Joe: So, you do like gum?
Heebie Jeebie: Of course I do! Now that is some good gum!
Joe: So, this random argument is over because, well, we both like gum.
Heebie Jeebie: Ok, see you! (also, if you want to hear Joe's story, please join Amethyst and me next time on our brand new!!!!! segment, !Story Time!)

12/2/08

TODAY IS SPECIAL!!

Hi!

I'm totally obsessed with my new segment, Celebrate the Days. So, here it is! Once again!

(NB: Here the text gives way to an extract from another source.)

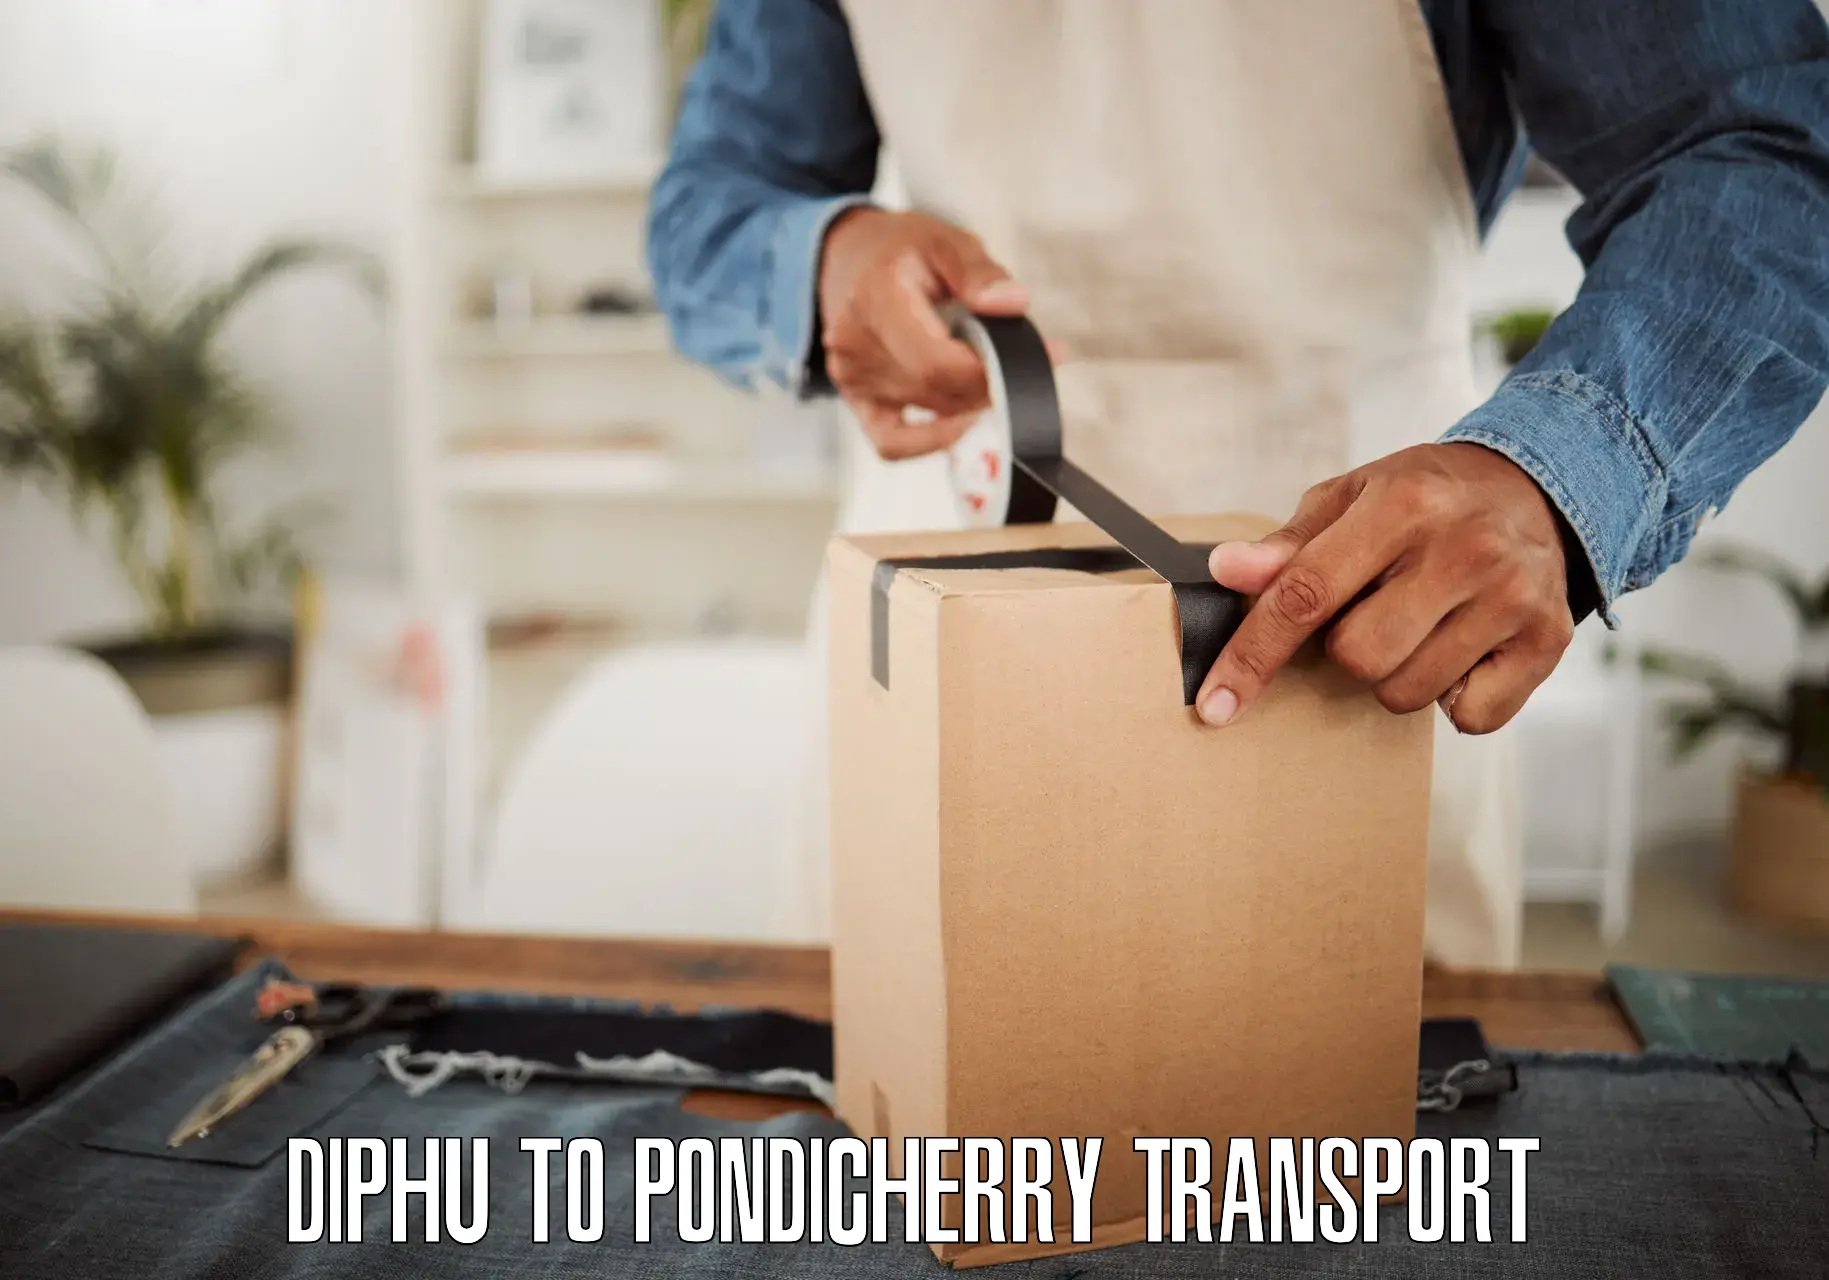 Furniture transport service Diphu to Pondicherry University

This Month (December) is...
-Bingo's Birthday month
-Choose a Summer Camp month
-National Tie month
-Spiritual Literacy month
-Smoking month
-Universal Human Rights month

This Week (Dec. 1--7) is...
-Tolerance week
-Operation Santa Paws week
-Recipe Greetings For the Holidays week

Today is (Dec. 2nd) is...
-International Day for the Abolition of Slavery day
-Talk Like a Chicken day
-Special Education day
-Rockerfeller Center Xmas Tree Lighting Day (YIPEE!)

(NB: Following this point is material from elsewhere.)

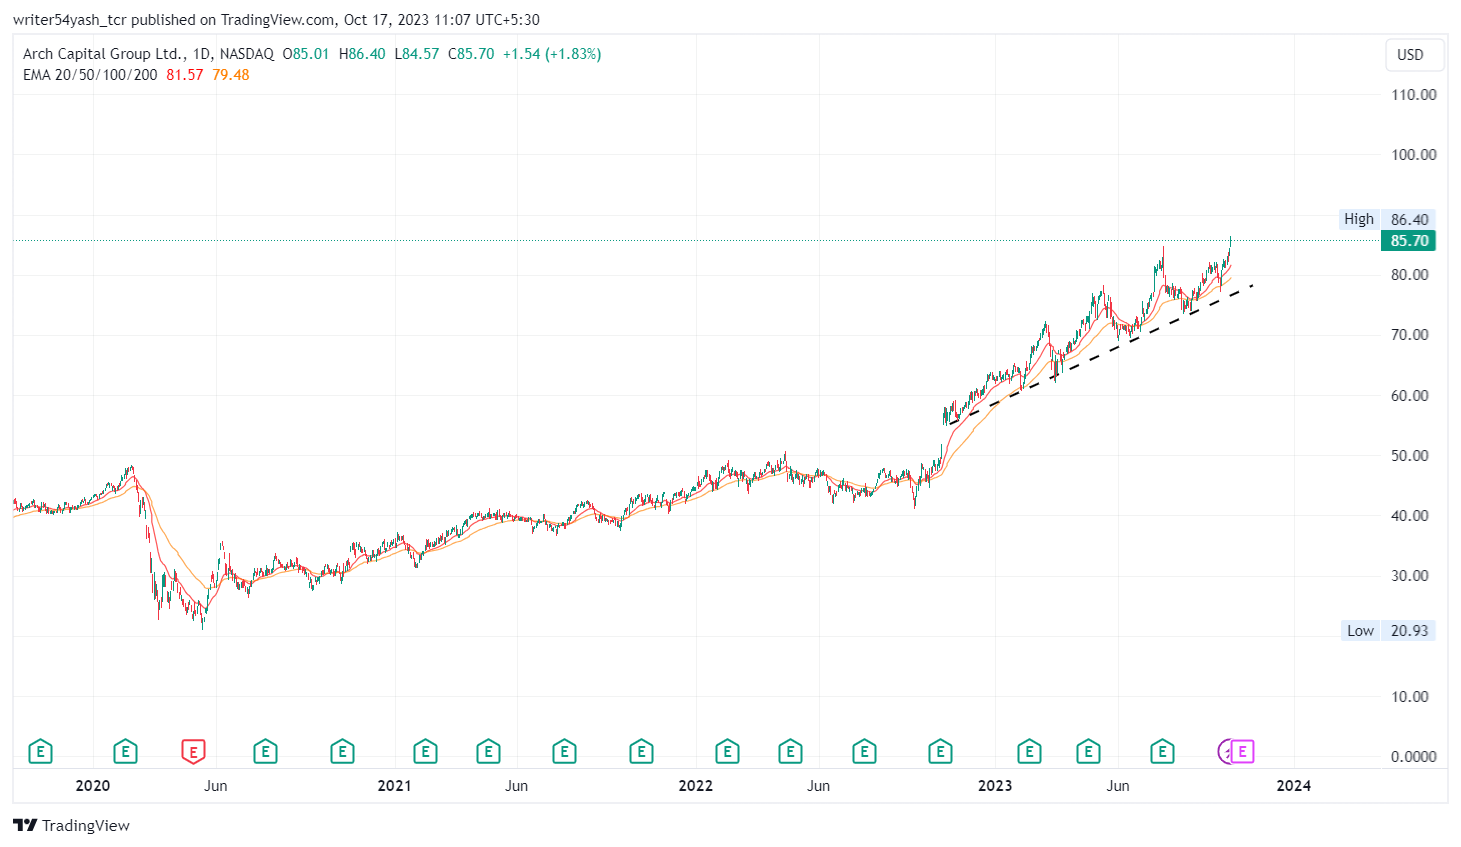 ACGL Stock Forecast: Can (NASDAQ: ACGL) Price Surpass $100 Mark?

Ok, Have a nice day! (Get it??)

Haha
Amethyst

12/1/08

Stuff Stuff

Heyy.

Quick Notes:
I have changed the video bar from Phineas and Ferb to the Suite Life Channel.
We have a winner for our mind stretchers--Billie F.!
Also, please please vote on my new poll!!

As Always,
Amethyst

11/25/08

Celebrate the Days--11/25/08


HELLOOOO!


Today is our first segment of...CELEBRATE THE DAYS!!!!


Today is 11/25/08, and did you know that
This month is
-American Diabetes Month
-Epilepsy Awareness Month
-Family Stories Month
-I Am So Thankful Month
-National Adoption Month
-National Peanut Butter Month
-National Pomegranate Month
(just to name a few!!)

This week is

-National Family Week (23--29)
-Better Conversation Week (24--30)

Today is...

-Violence Against Women Day (which I think stinks)
-Shopping Reminder Day
-Fibonacci Numbers Day


If you want to know the everyday holidays--check out


Also, enjoy your Thanksgiving and this pic of a turkey about to eat himself!! (on the left)

Amethyst

11/24/08

RANDOM ARGUMENT!!!

Narrator: Here is another random argument, between H-Guy and Razor-Dude. H Guy is with paper and Razor-Dude likes underpants. Enjoy!

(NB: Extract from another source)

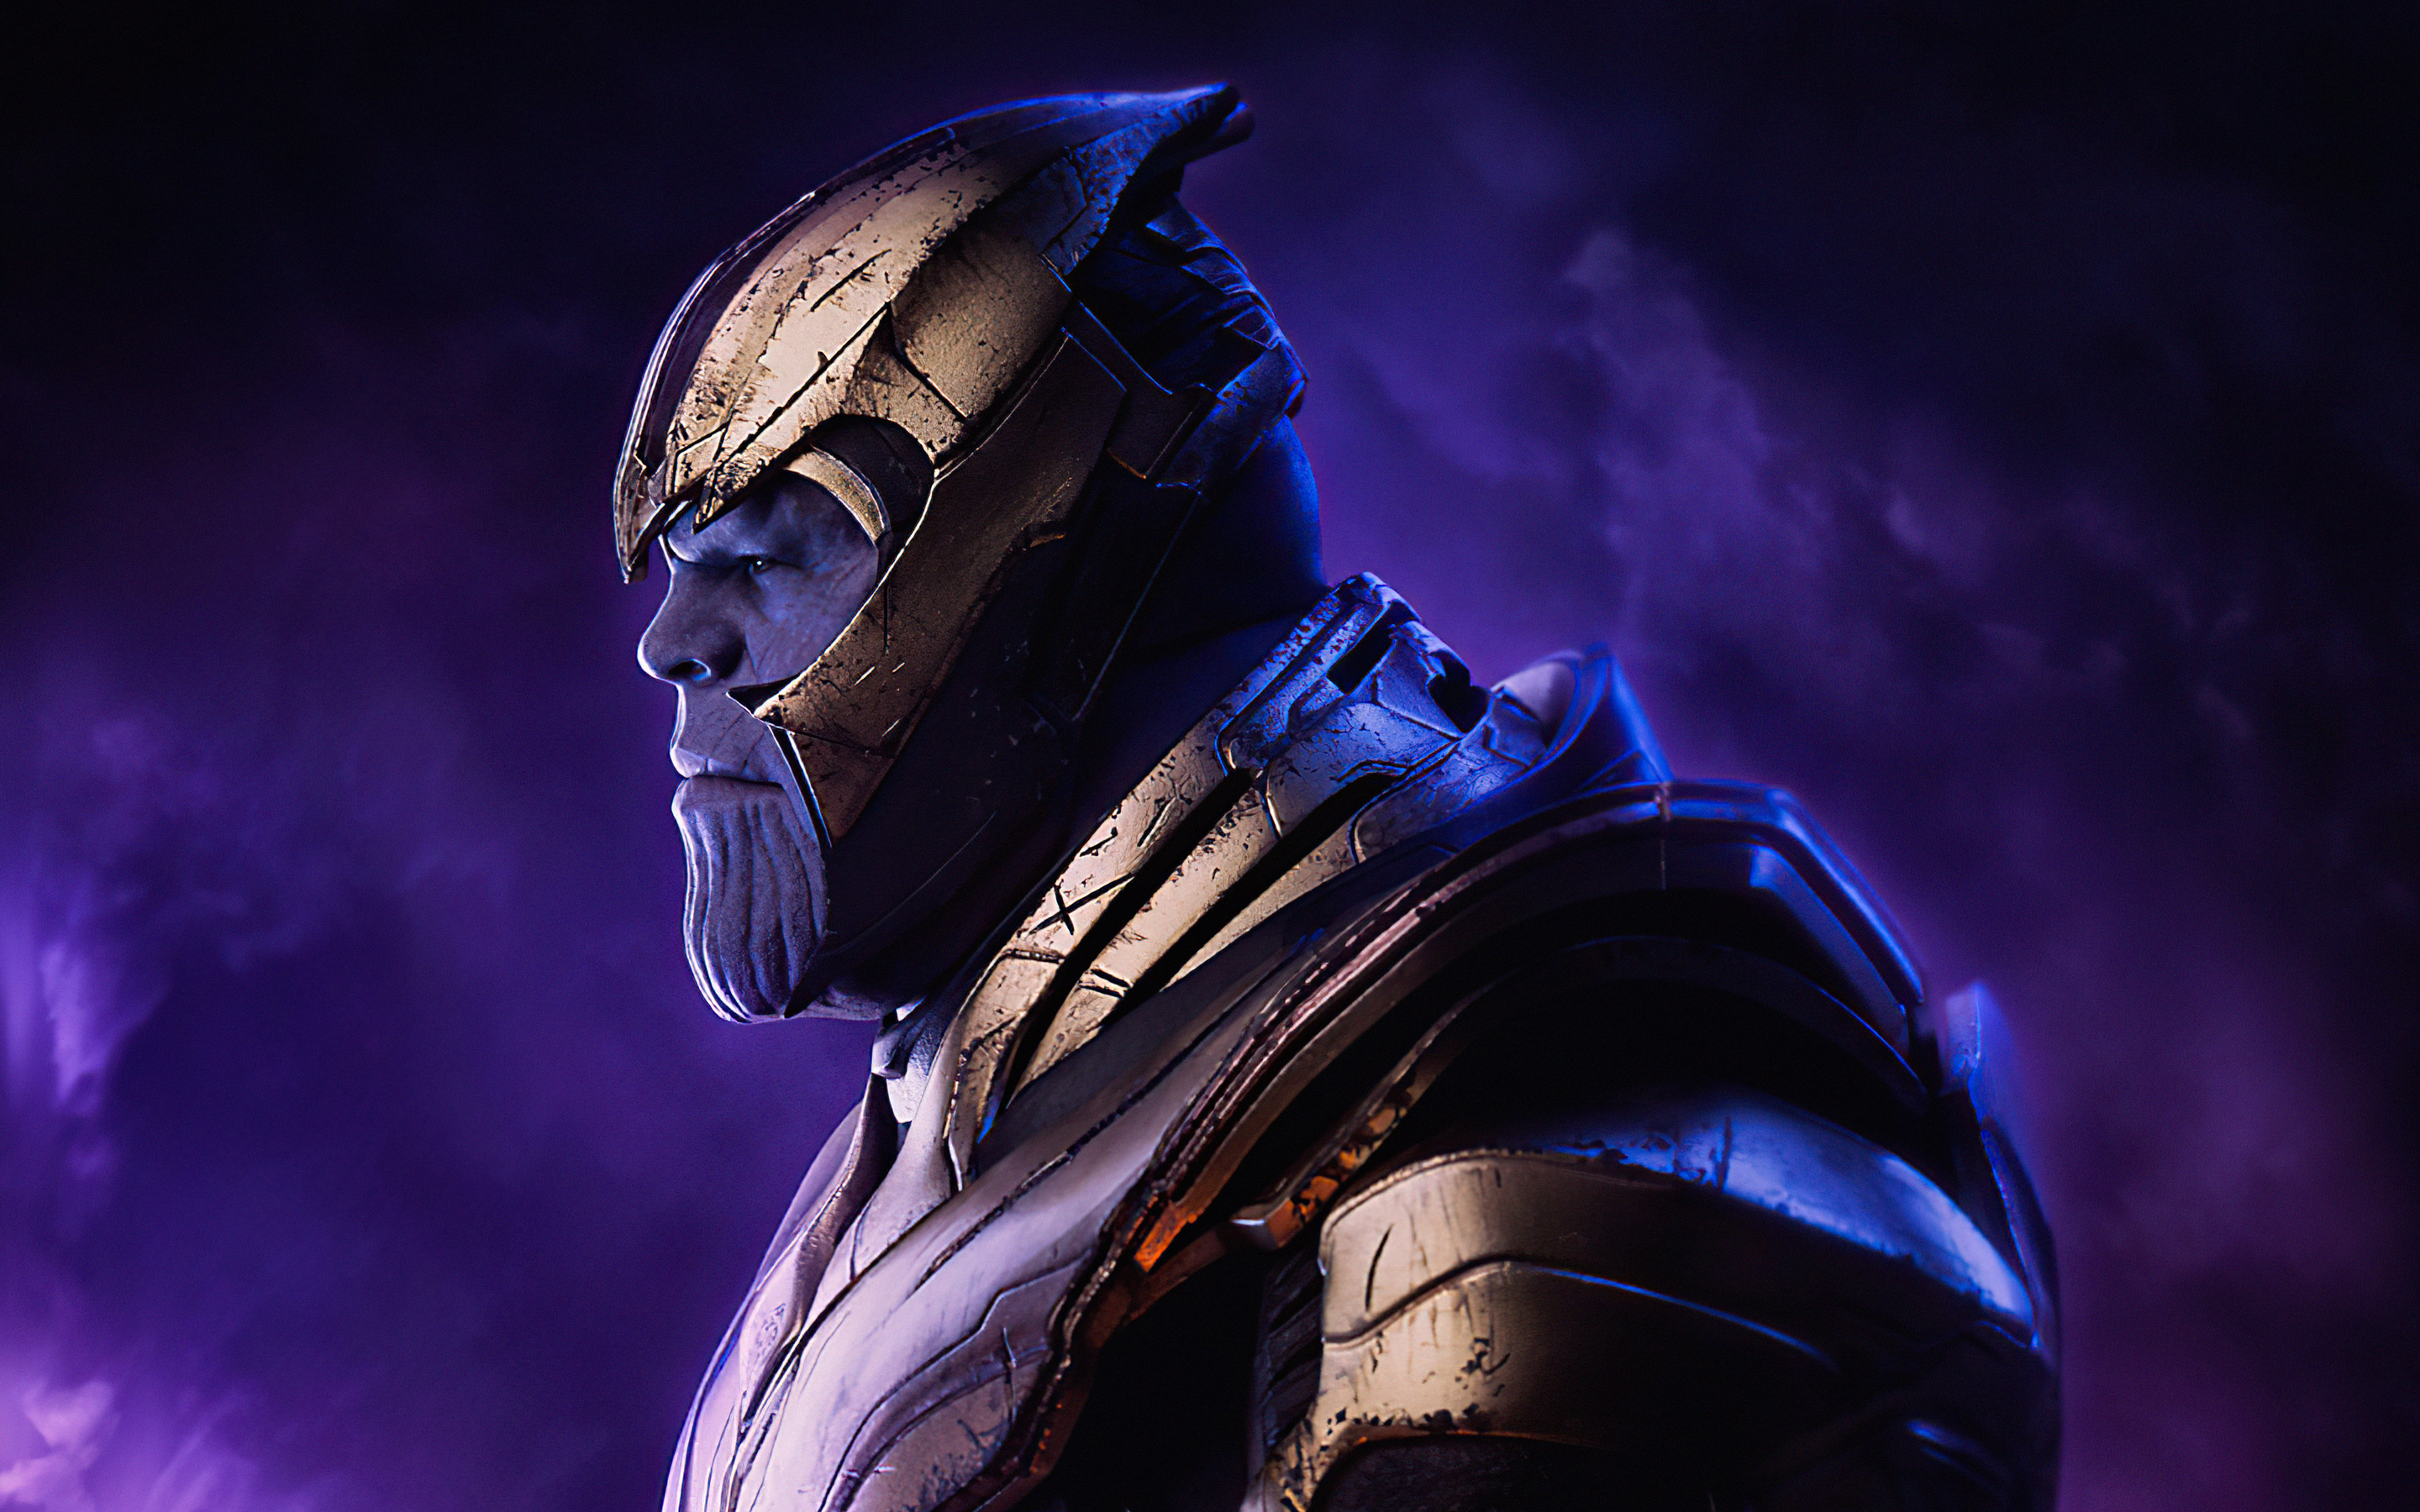 Thanos Side 5k In 2880x1800 Resolution. thanos-side-5k-q3.jpg.

(the curtain opens, H-Guy and Razor-Dude are sitting on plastic baby chairs.)

Razor-Dude: Yo! I am here to defend the world of underpants.
H-Guy: Hello. I am professor Hallaway. I am here to talk to you about the amazing paper. Razor-Dude: Underpants, are, like, the, like, only thing that, like goes underneath pants.
H-Guy: Paper may be the most important thing ever made.
Razor-Dude: Dude, Underpants are important too!
H-Guy: That's true, but, imagine our country without paper.
Razor-Dude: Ha! Think of America without Underpants! Ha! In your face man!
H-Guy: Without paper, we would have nothing to write on.
Razor-Dude: Yo, without Underpants, we would all be VERY uncomfortable.
H-Guy: Without paper, we would have nothing to print our books.
Razor-Dude: Forget about books! Without undies, we would either be naked or feeling funny.
H-Guy: You need paper because it is important to the human society.
Razor-Dude: Peace out dude! You're shouting in my ear!
H-Guy: Paper is an important part of life.
Razor-Dude: You need Underpants so people don't think you are a Underpants-less freak!
H-Guy: Paper helps you in school.
Razor-Dude: Ha! Try getting into school without underpants!
H-Guy: Without paper, we would not have toilet paper, or hand cleaners.
Razor-Dude: Without Underpants, our world would be freakishly crazy.
H-Guy: Excuse me, I have a call coming in. It's my daughter.
Razor-Dude: Do you have a bathroom?

(5minutes later)

H-Guy: I am still here on behalf of paper.
Razor-Dude: Go Underpants!
H-Guy: Paper can be made into many different things, unlike underpants.
azor-Dude: Underpants are the most important type of clothing.
H-Guy: Paper can be many colors, unlike underpants, which are usually white.
Razor-Dude: Underpants make you feel good.
H-Guy: Paper is the only thing to use when you fold a paper airplane.
Razor-Dude: Try wearing paper underneath your pants. Dude, yuck!
H-Guy: Try writing on a pair of underpants. Messy.
Razor-Dude: a Country without underpants is less comfortable than a world with underpants.
H-Guy: a Nation without paper is paperless.
Razor-Dude: Man, I stand by the usually white underpants.
H-Guy: Paper is better than underpants.
Razor-Dude: Give me underpants or give me death!
H-Guy: Thank you for your time.
Razor-Dude: My feelings are CORRECT!
H-Guy: Paper
Razor-Dude: I disagree
H-Guy: No you dont.
Razor-Dude: Underpants!
H-Guy: Paper!

(The curtain closes)

Wow, that was long! Adios for now!
Amethyst

Didjaknow????

Did you know...

-If you keep a goldfish in a dark room, it will turn white.
-A snail can sleep for 3 years.
-More than 9 million people have the same birthday as you.
-Only one person in two billion will live to be 116 or older.
-If you yelled for 8 years, 7 months and 6 days, you would have produced enough sound energy to heat one cup of coffee. If you fart consistently for 6 years and 9 months, enough gas is produced to create the energy of an atomic bomb.
-An ostrich's eye is bigger than its brain.
-It's impossible to sneeze with your eyes open.
-No word in the English language rhymes with month, orange, silver or purple.
-A goldfish has a memory span of three seconds.

Get more random facts at
http://www.redbrick.dcu.ie/~me/facts.html

Amethyst

11/14/08

Question Answers

CIAO BELLAS!!!

Sooooo, here are the answers to the TRICK QUESTIONS!!!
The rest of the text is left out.